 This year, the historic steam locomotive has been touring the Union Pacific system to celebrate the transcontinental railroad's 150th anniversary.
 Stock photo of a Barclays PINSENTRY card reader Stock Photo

...

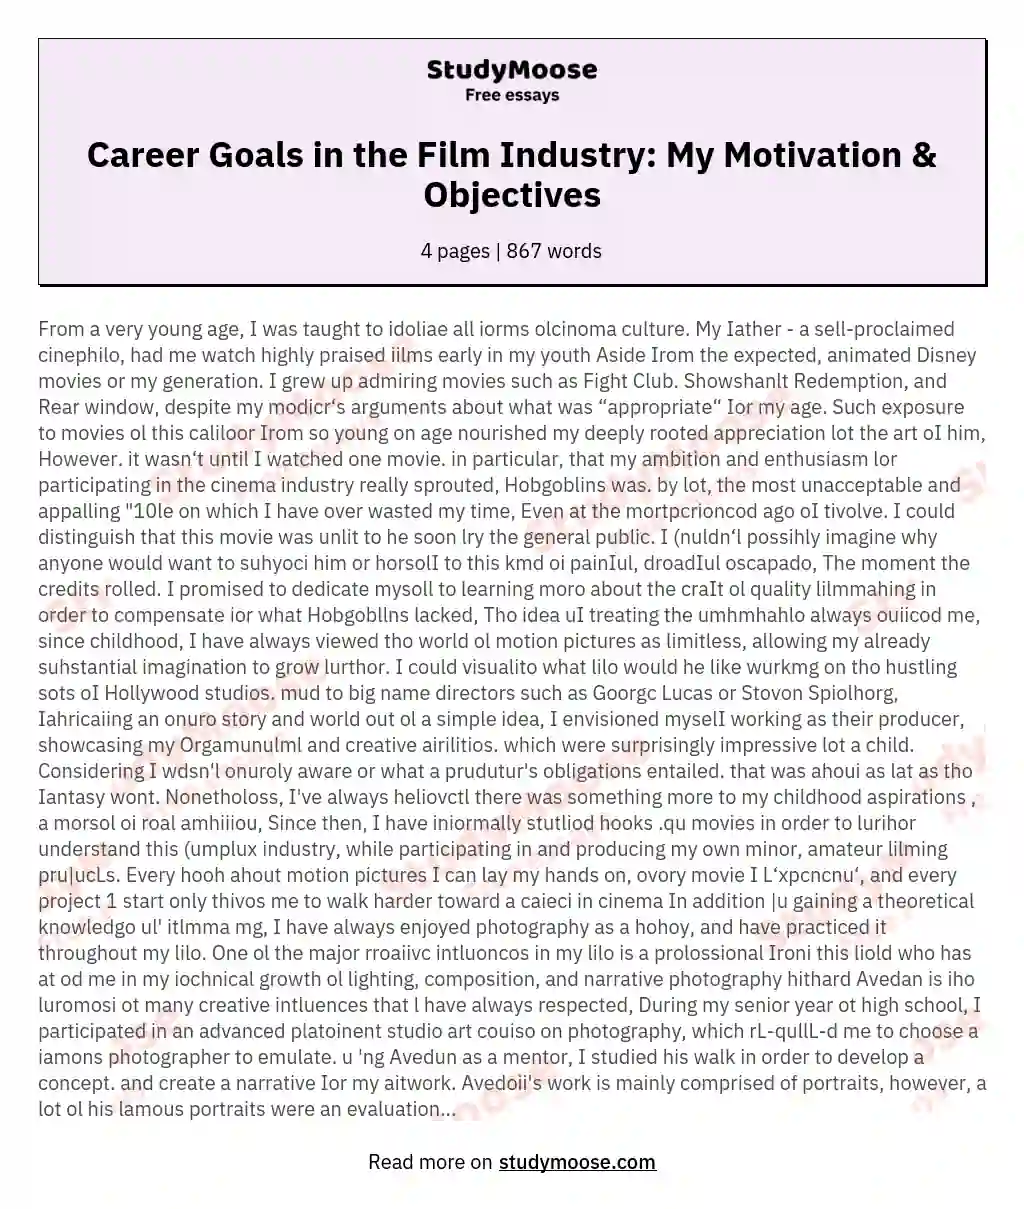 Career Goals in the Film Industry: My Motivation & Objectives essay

...

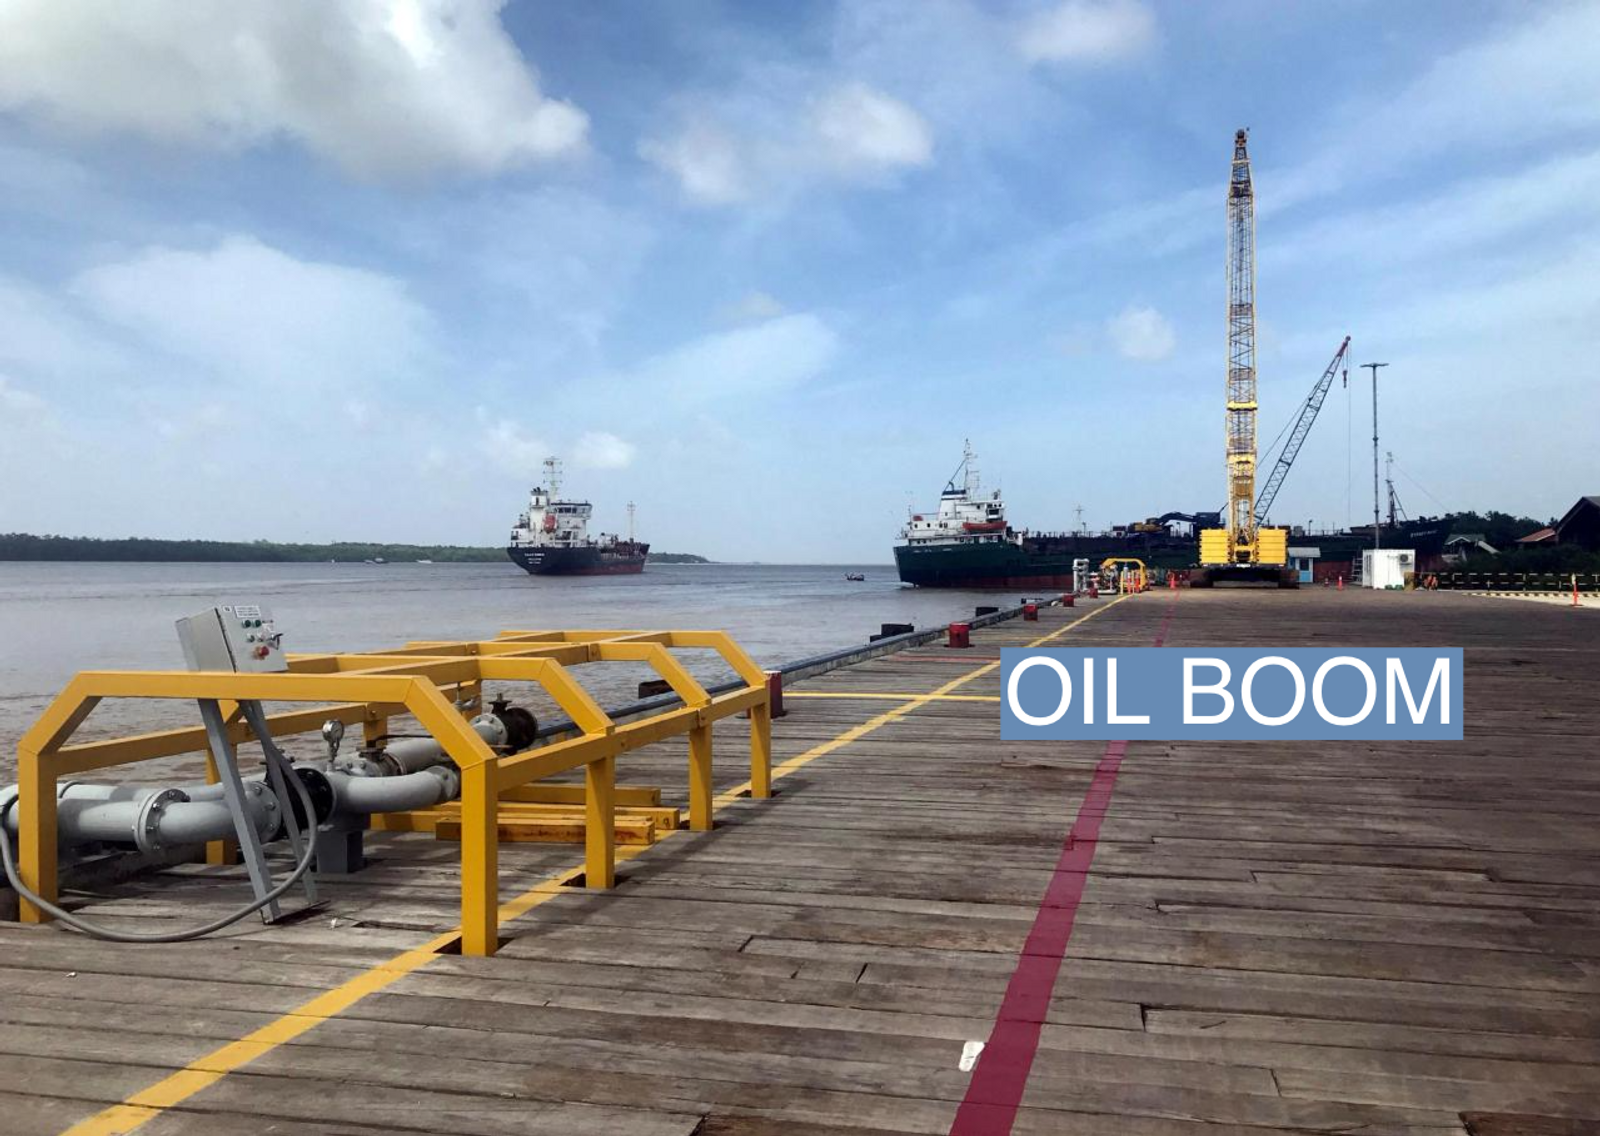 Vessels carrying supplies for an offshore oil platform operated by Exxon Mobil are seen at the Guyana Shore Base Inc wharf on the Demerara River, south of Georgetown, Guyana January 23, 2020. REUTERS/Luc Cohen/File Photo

→ Exercise objective
Wherever the line holding "This year, the" falls in the entries above, copy exactly from it through the line holding "Stock photo of", inclusive, and add nothing.

→ Solution to the exercise
 This year, the historic steam locomotive has been touring the Union Pacific system to celebrate the transcontinental railroad's 150th anniversary.
 Stock photo of a Barclays PINSENTRY card reader Stock Photo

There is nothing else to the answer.